Lecture 14, Part 06: Example 3

https://youtu.be/DGXZ0j32mcA

PHYS 1101: Lecture Fourteen, Part Six

Hey. Here’s a more complicated example now for us to work out. Sarah puts a box in the trunk of her car. She’s driving along, and then later, she drives around an unbanked curve. That just means flat. The road stays flat as the car goes around, as it goes around a corner. The radius of that curve is 48 meters, about 48 yards, about a half of a football field.

That’s a very gradual corner that she’s taking. The speed of the car as she goes through the curve is 16 meters per second. The box that’s in her trunk, it remains stationary, doesn’t slide in her trunk. We have to determine the minimum coefficient of static friction for the box on the floor of the trunk, for this to be the case.

If her carpet is too smooth, in essence, the car is going to make the corner, but the box won’t. It’ll want to keep going straight. So, it’ll slide in the trunk. But, if the carpet is rough enough, the friction will be enough that the box, like the car, will round the corner and follow this circular motion.

Okay. Step number one is deciding what object to focus on. This is an example where that can be a bit complicated. Always, always focus on the question it’s directly asking you, to focus in on what object you need to consider.

They want the minimum coefficient of static friction for the box on the floor of the trunk. Okay. That’s about a force that is between two objects, the box and the trunk. We got to pick one of those objects. The box is nice to consider because I can imagine the box and cleanly picture what forces are on the box.
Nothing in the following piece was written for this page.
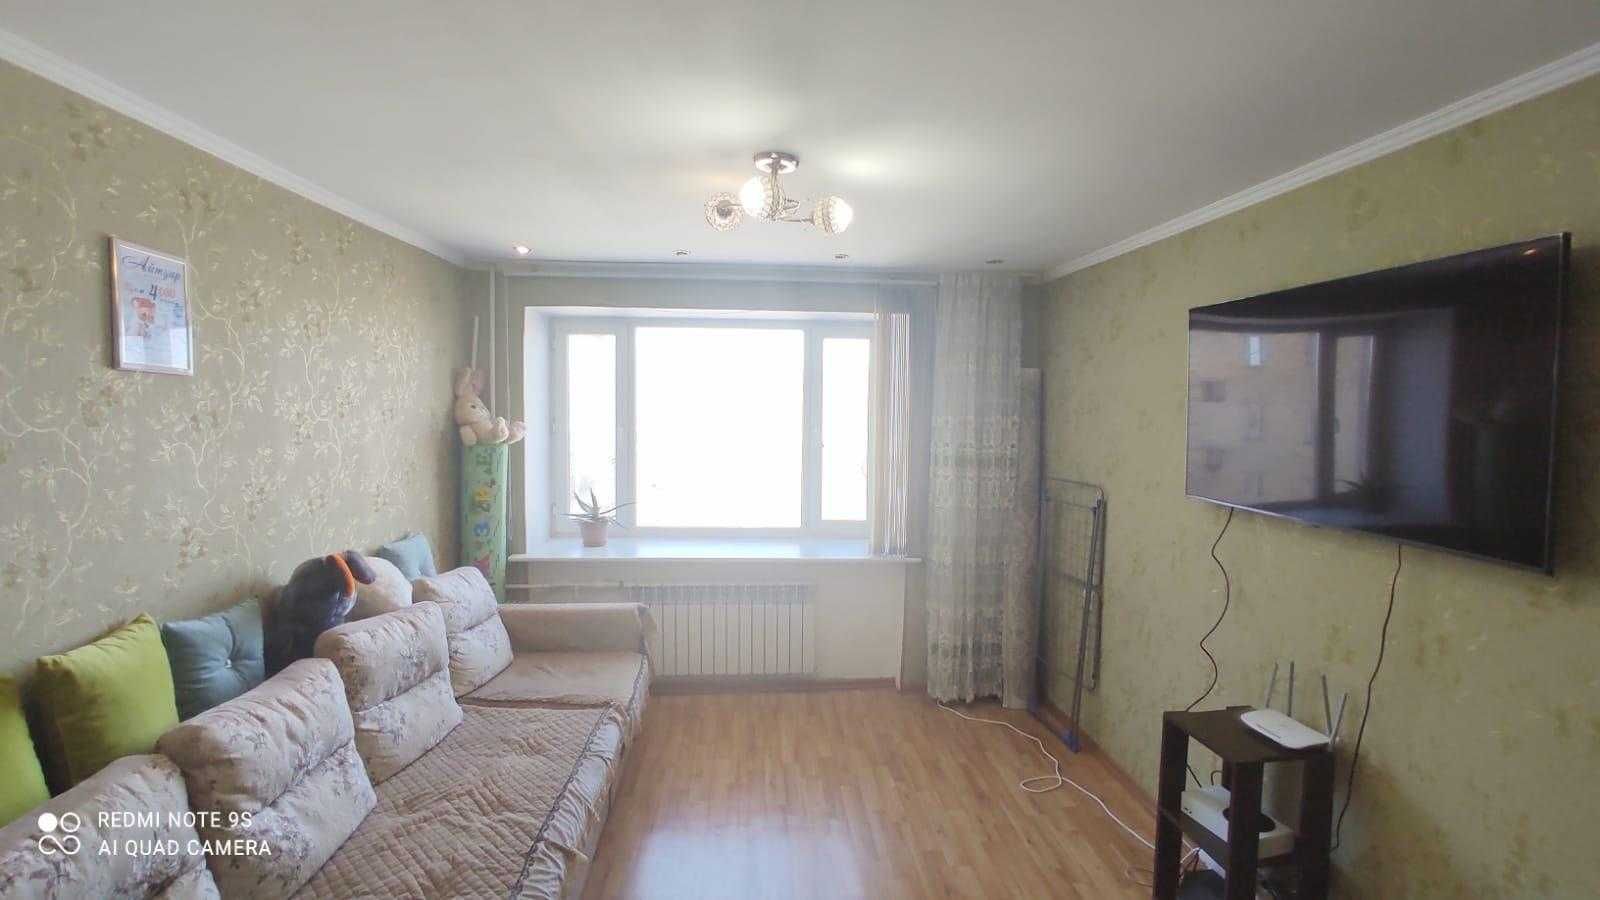 Продам 2-х комнатную квартиру в Сортировке

If I picture the trunk, well, the trunk’s attached to the car. It’s attached to the road. Less obvious to me that I can get there. I sense I’m going to run into trouble. There’s going to be forces I don’t know about to try to solve it if I focus on the trunk.

My first inclination, hone in on the box. That’s our object. So, there it is. My red box is my object.

Question 19, easy points. A, B, C, or D. You are tempted to think, perhaps, about Sarah, the trunk, the car. You want to focus on the box. Okay. After getting that clearly in your mind, it’s now all about the box. What’s the acceleration for the box? And what are the forces on it?

Question 20: As the box, like the car, rounds this corner, from the side view at this instant, what’s the acceleration?

Question 21. I’m now thinking about the forces on the object, the forces on the box. Which choice looks best to you? I know I’ll have a force of gravity down. I have a normal force up. What else? The normal force, of course, comes from the floor of the trunk that’s in direct contact with the box. A surface always pushes up, but a surface can also be responsible for frictional force. It can keep an object from sliding. What free body diagram captures what has to be going on with the box?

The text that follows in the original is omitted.